В Венгрии к этому времени уже активно шло следствие по так называемому «делу Ласло Райка» — бывшего главы МВД и МИД этой страны, старого венгерского коммуниста и ветерана испанской войны. В июле 1949 года венгерское руководство докладывало руководству Коминформа: «Райк впервые начал давать отдельные показания… предполагаем, что Тито, Джилас и Ранкович — шпионы, завербованные Испанией и Францией. Райк имел с ними связи». Материалы предстоящего показательного процесса по делу Райка согласовывали с Москвой, а проект обвинения был утвержден лично Сталиным.
На процессе, который начался 16 сентября в Будапеште, Райка и других подсудимых обвинили в том, что «заговорщики хотели превратить Венгрию в югославскую колонию, колонию Тито, который вместе со своей бандой дезертировал из лагеря социализма и демократии в лагерь иностранного капитала и реакции и сделал, таким образом, Югославию вассалом империалистов»[386].
22 сентября Райку был вынесен смертный приговор (его привели в исполнение 15 октября). 28 сентября Москва объявила, что расторгает Договор о дружбе, взаимной помощи и послевоенном сотрудничестве между СССР и Югославией от 11 апреля 1945 года. При этом вина за разрыв договора была возложена на югославов, которые, как отмечалось в ноте советского МИДа, «вели и продолжают вести свою враждебную и подрывную работу против СССР не только по своей инициативе, но и по прямым заданиям империалистических кругов»[387]. В октябре из Москвы был выслан югославский посол, а в ноябре — югославский временный поверенный. Фактически дипотношения между Москвой и Белградом оказались заморожены.
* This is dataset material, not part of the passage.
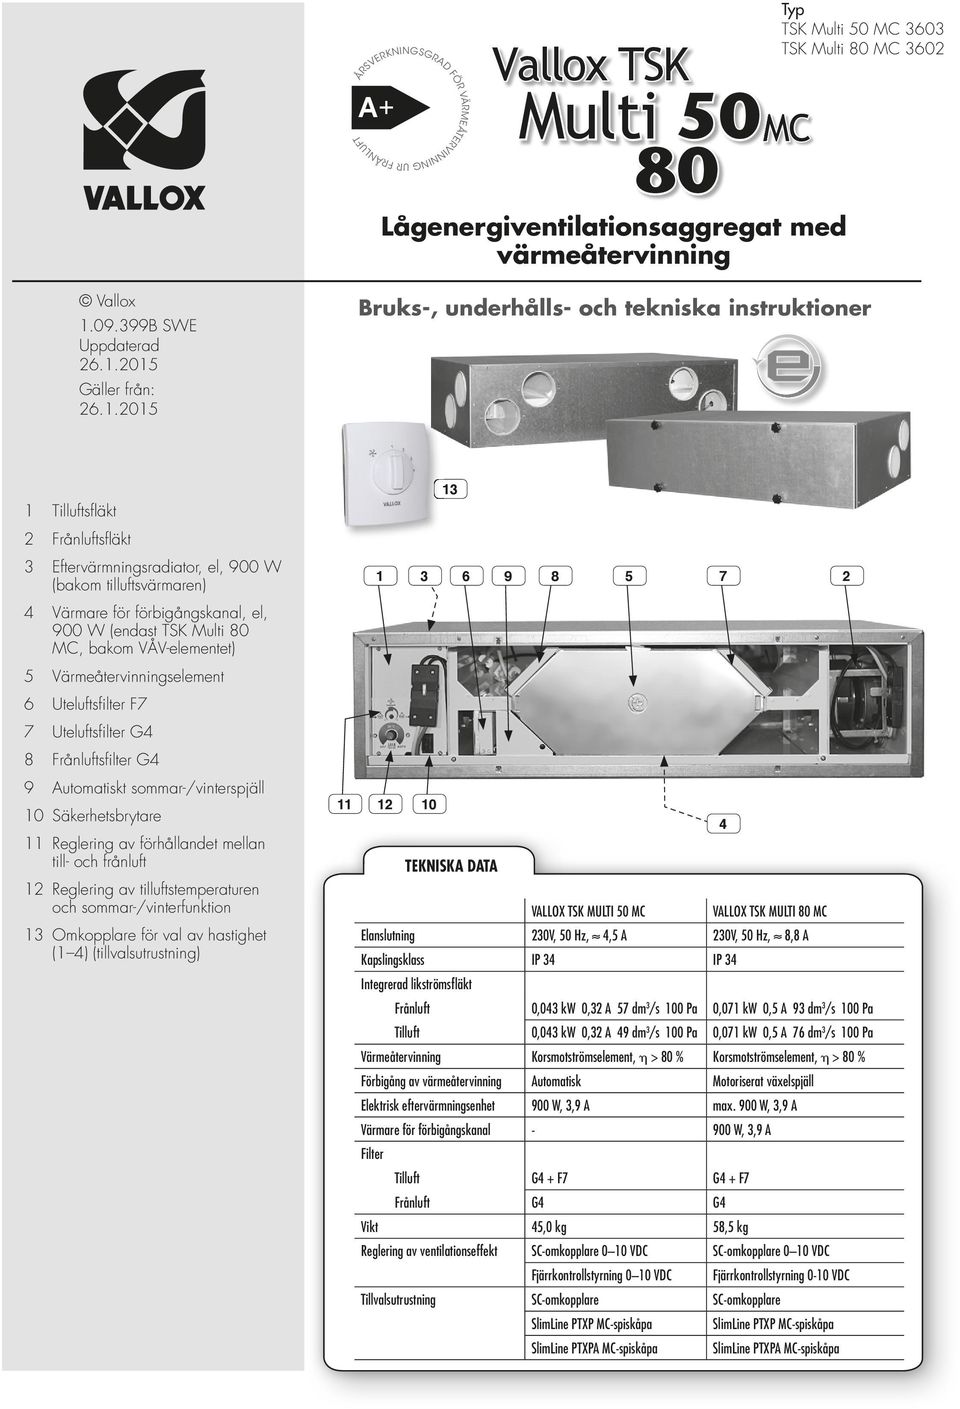 .05 Bruks-, underhålls- och tekniska instruktioner Tilluftsfl äkt Frånluftsfl äkt Eftervärmningsradiator, el, 900 W (bakom tilluftsvärmaren) Värmare för förbigångskanal, el, 900 W (endast TSK Multi

С 16 по 19 ноября 1949 года под Будапештом проходило третье заседание Коминформа. Оно приняло резолюцию, название которой говорило само за себя: «Югославская компартия во власти шпионов и убийц». Утверждалось, что «Тито и его клика» являются «агентами империалистических разведок, завербованными ранее и замаскированными, пока их не разоблачили». Ставилась задача создания в Югославии новой, подпольной компартии.
По примеру Москвы двусторонние договоры с Белградом расторгли и правительства стран «народной демократии». За короткий период оказались разорванными 46 различных договоров и соглашений с Югославией. Поданным югославских источников, ФНРЮ недополучила 95 процентов обещанных советских кредитов, а торговый дефицит страны увеличился до пяти миллиардов динаров или на 49 процентов от югославского экспорта.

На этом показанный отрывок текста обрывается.